1. Field of the Invention
The invention relates to methods and arrangements for distinguishing between target areas and non-target areas during a laser surgical procedure, by coating or otherwise providing the non-target areas with a phosphorescent material or phosphor.
The target areas may be any tissue or object at which the laser is directed. The non-target areas to which the phosphors are applied may include, but are not limited to, any portion of a scope or laser delivery apparatus, including a laser sheath, buffer material of the fiber, endoscope working channel, and cardiac or urological stents, as well as tissues in the vicinity the target.
The phosphors applied to or providing in the non-target areas include any materials that, when exposed to a particular wavelength, emit light at a different wavelength. In one embodiment, the phosphors may be rare-earth nanophosphors that up-convert IR wavelengths to visible or near visible wavelengths, and therefore provide a detectable indication of overheating in the area of the target.
However, the invention is not limited to up-conversion of IR wavelengths, or to emissions in the visible or near visible wavelengths, but also may include materials that down-convert higher wavelengths to visible or near visible, and to phosphors that emit IR or UV rather than visible or near-visible radiation. The phosphors may also be used for monitoring purposes other than overheating detection. For example, phosphors may be included in the fiber itself, and in particular the cladding and/or buffer, to be used as an indicator of excess energy absorption in the cladding or buffer. Furthermore, multiple different types of phosphors may be provided in a particular application to carry out different monitoring functions.
The phosphor emissions may be monitored in a variety ways, including automated wavelength or frequency detection, as well as observation of visible wavelengths by an operator or clinician. In addition, analysis techniques may include frequency domain (Fourier) analysis and other complex signal analyzing techniques.

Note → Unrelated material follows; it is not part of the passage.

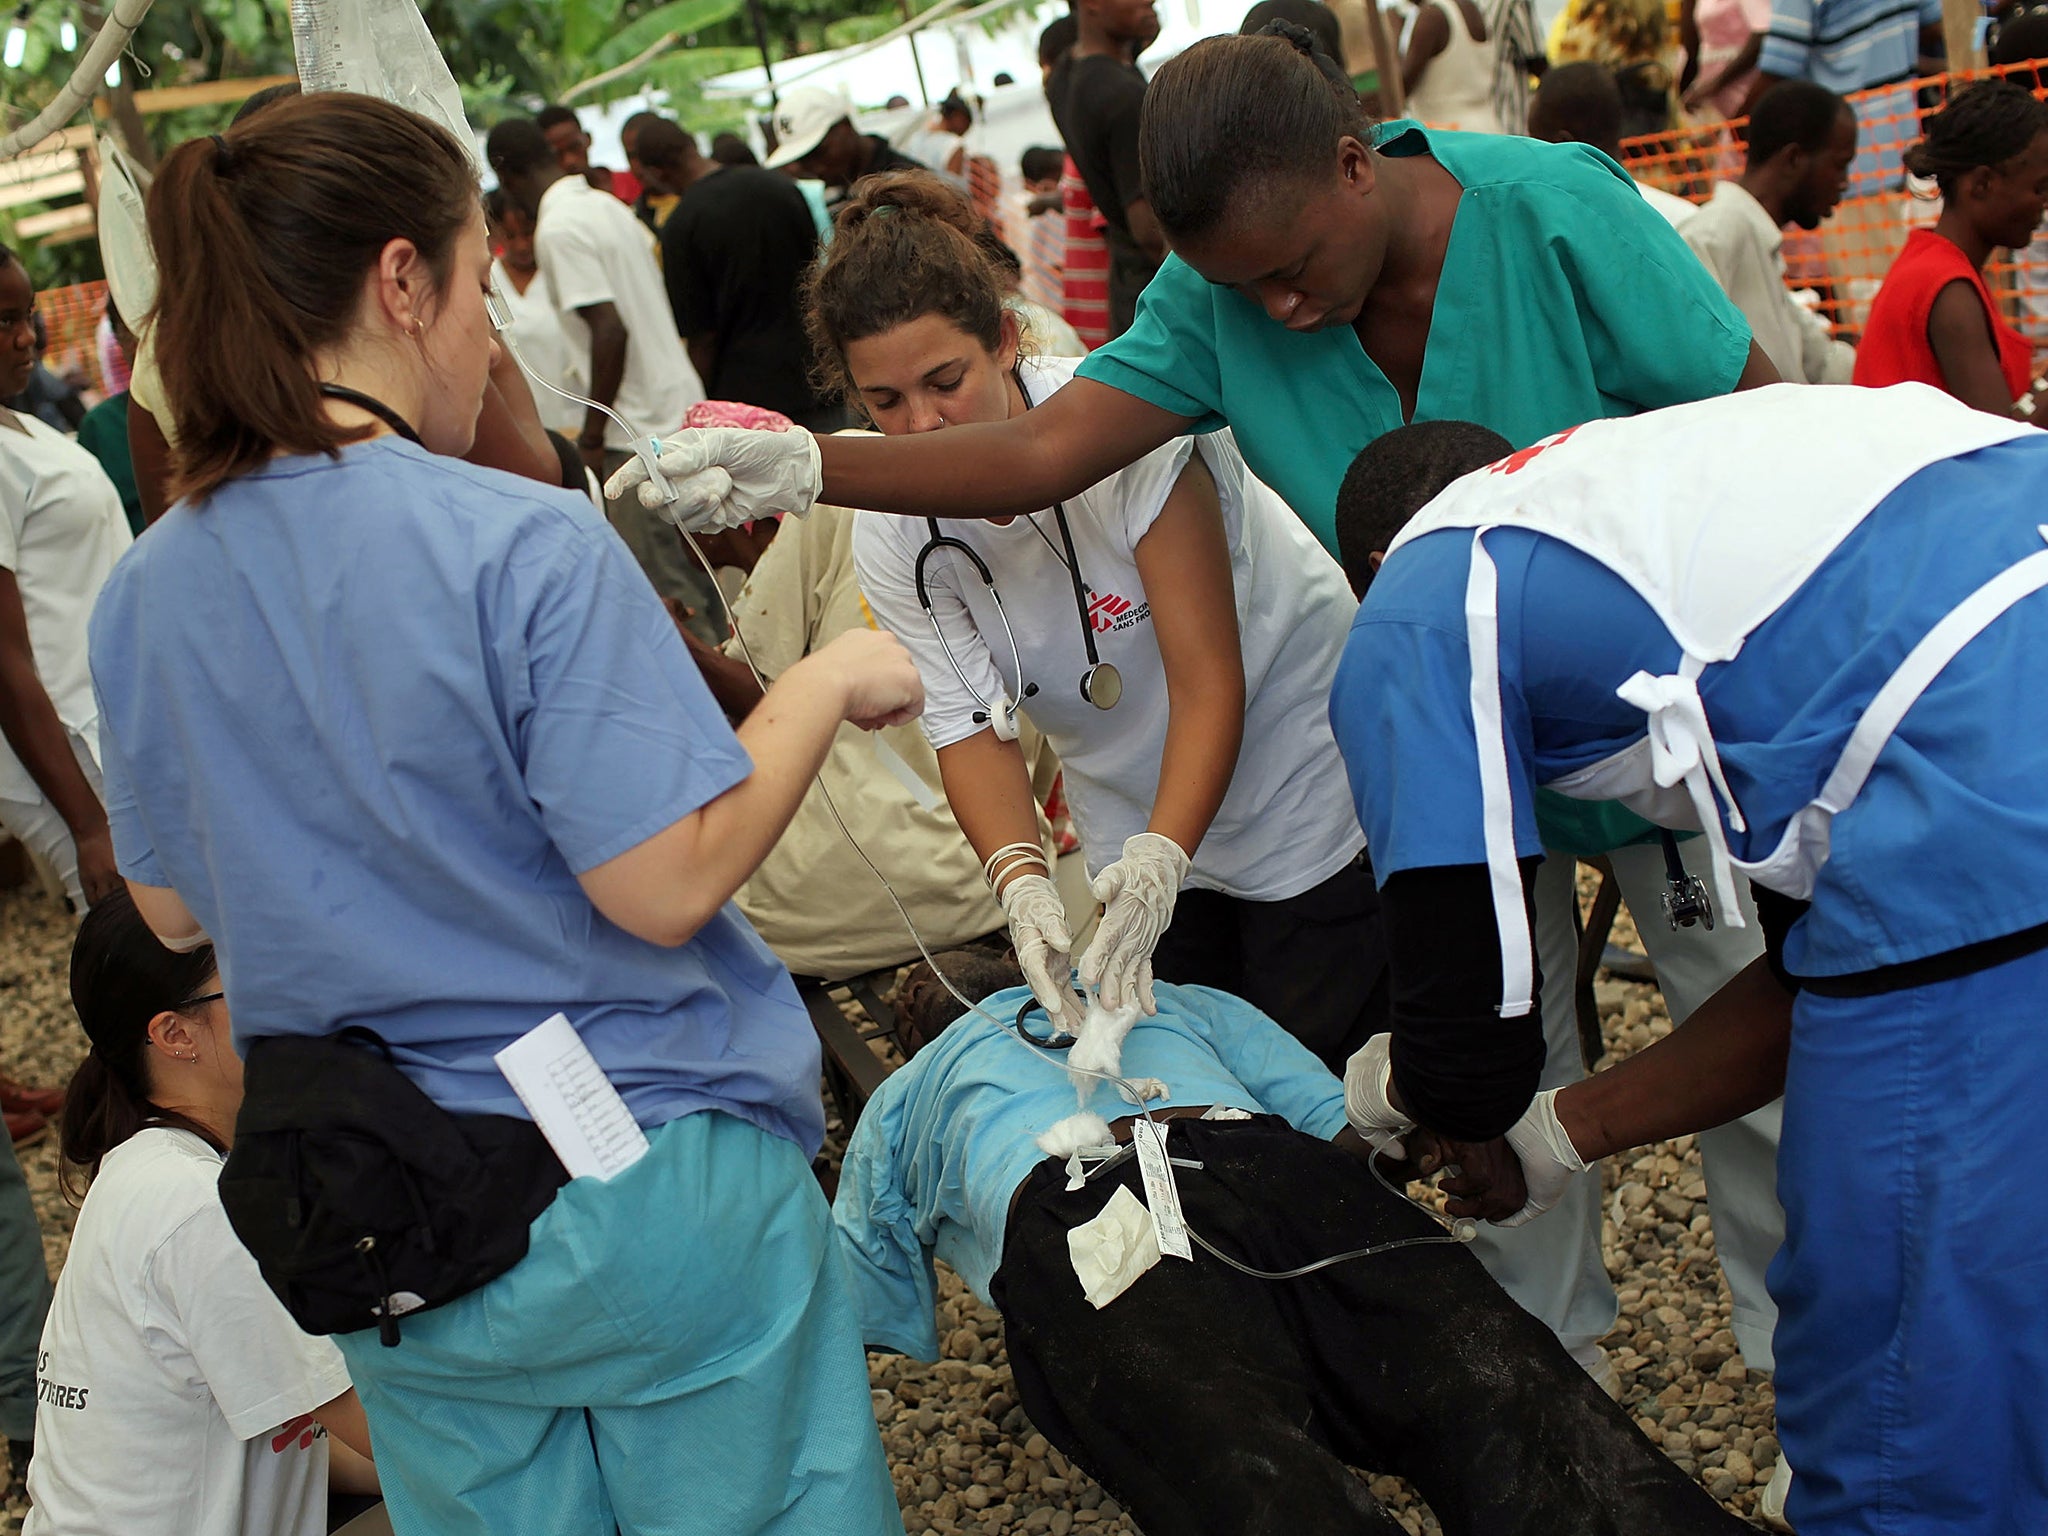 Fight for life: MSF volunteers treat a cholera patient in Haiti in 2010 after an earthquake made a million homeless and disease spread
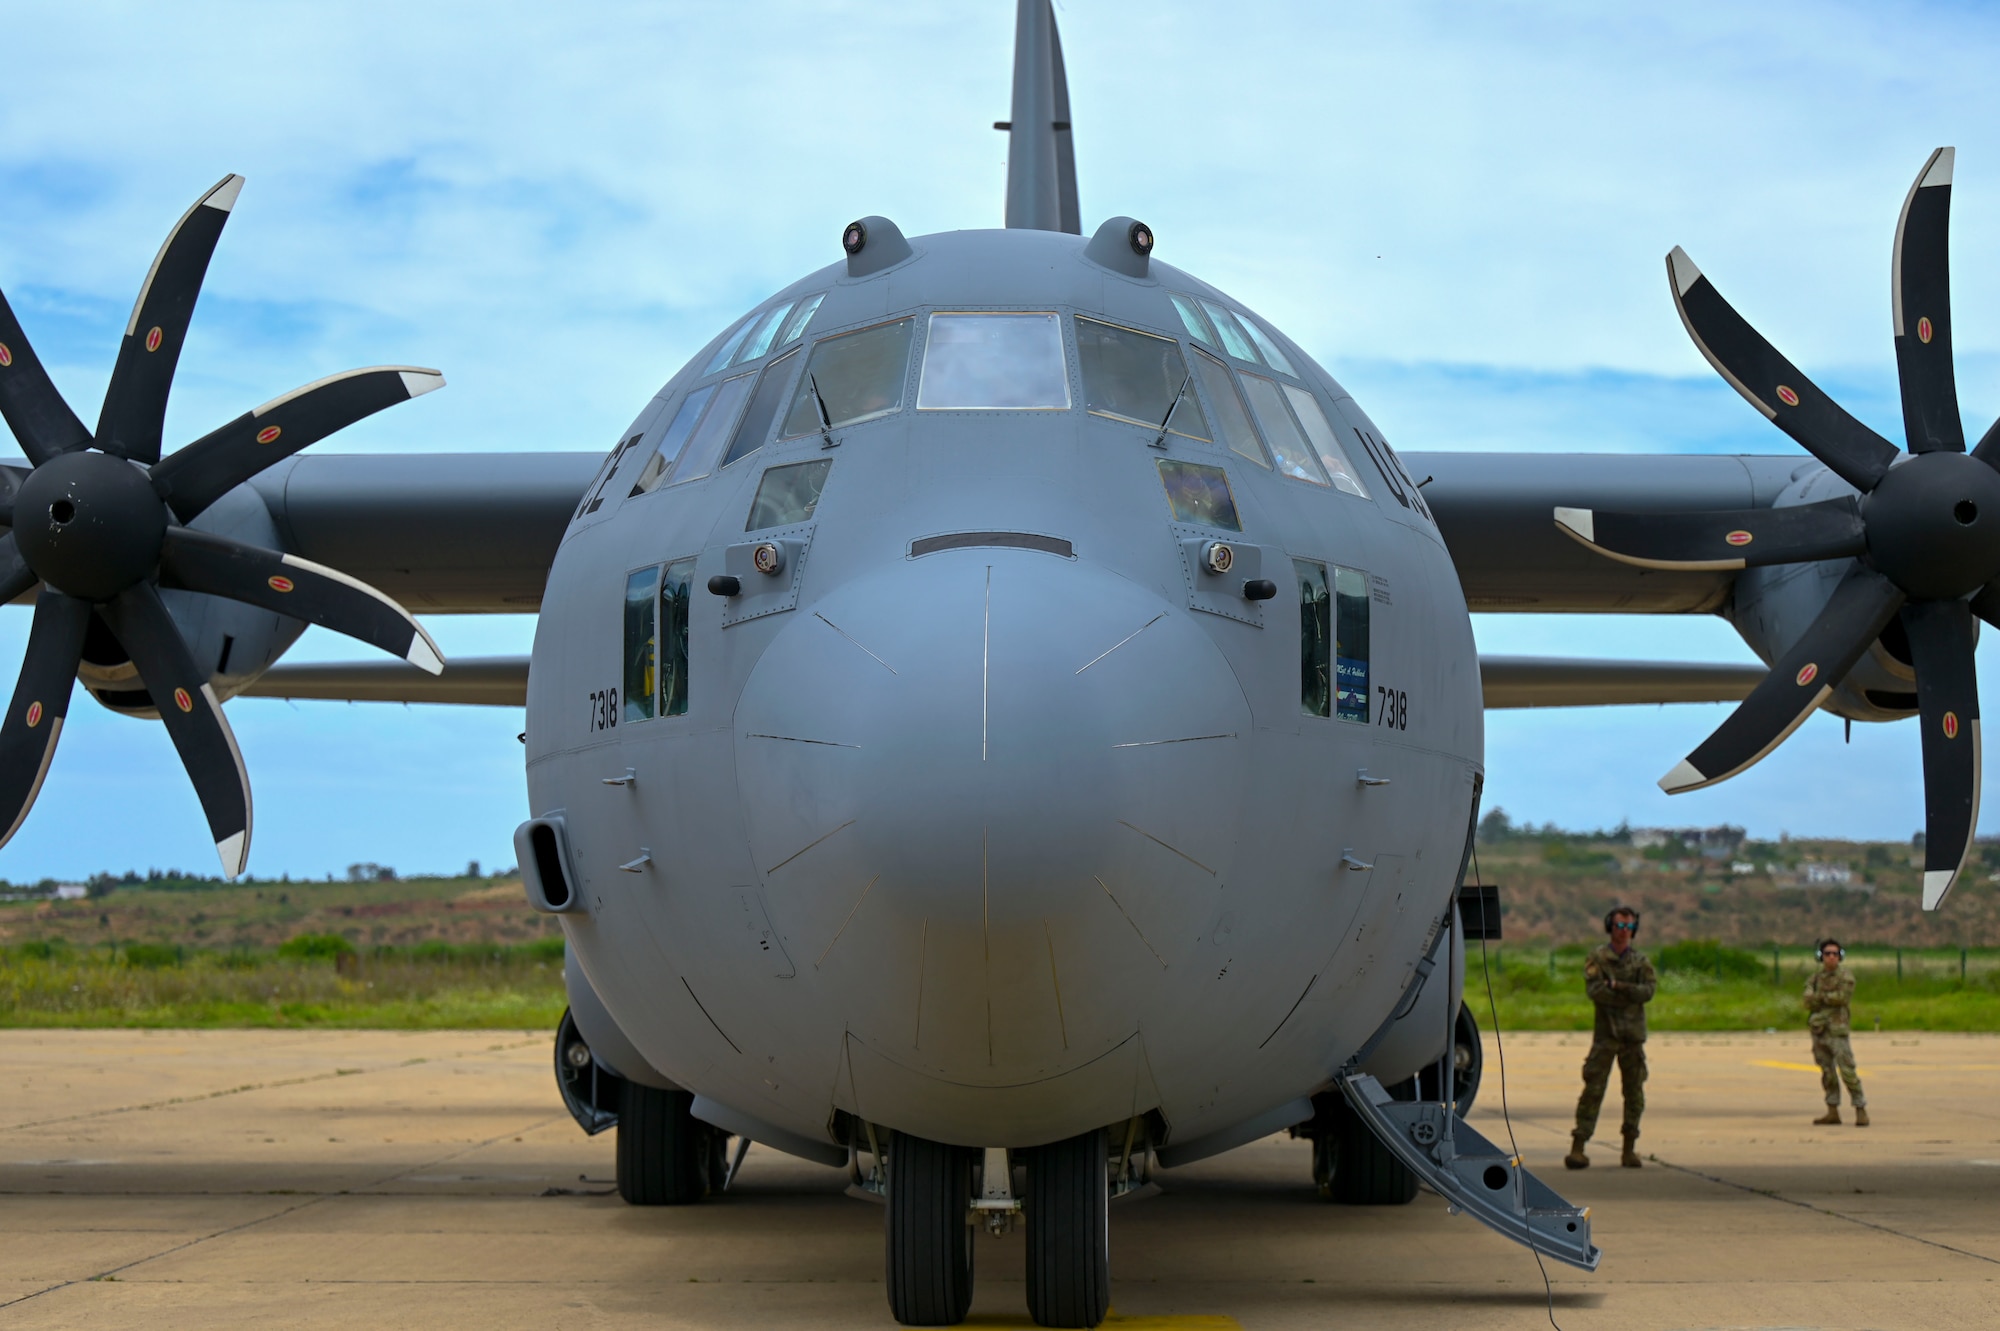 A U.S. Air Force C-130H3 Hercules assigned to Peterson Space Force Base, sits on the flight line during exercise African Lion 24 at Kenitra Air Base, Morocco, May 19, 2024.  While military personnel from both the United States and Morocco are participating in this exercise, more than 8,000 multinational service members from 27 countries will also participate. (U.S. Air Force photo by Senior Airman Jenna A. Bond)

2. Description of Related Art
Copending U.S. patent application Ser. No. 13/127,911 (PCT Pub. WO 2010/053575) describes feedback systems described therein are used in connection with sacrificial elements or coatings that absorb selected wavelengths of radiation emitted during a surgical procedure, and that in response heat up or emits radiation in a way that can more easily and reliably be detected by the treatment site monitoring arrangement. The present invention is based on similar principles, but the phosphors of the present invention are not intended to be sacrificed, but rather are detected based solely on frequency conversion or fluorescence signature.
Copending U.S. patent application Ser. No. 13/070,247 (U.S. Pub. 2011/0238048) is also of interest since it discloses distinguishing radiation emitted as a result of fiber breakdown from radiation reflective of a normal surgical procedure based on radiation event counts. The present application provides an alternative and more versatile way of distinguishing between events, although it can also be combined with the count procedure of the copending application.
In addition to disclosure of various techniques and arrangements for distinguishing between target and non-target emissions at a treatment site, the inventor has proposed a variety of treatment-monitoring feedback systems that can detect the wavelength, amplitude, or timing of radiation that originate at the surgical site, including feedback systems capable of analyzing the frequency spectrum of emissions. Examples of feedback systems that can be used with the method and apparatus of the invention are described in copending U.S. patent application Ser. Nos. 11/714,785 (U.S. Pub. 2007/0167937), 12/073,922 (U.S. Pub. 2009-0149845), 13/070,247, and 13/127,911 (PCT Pub. WO 2010/053575), each of which is incorporated by reference herein.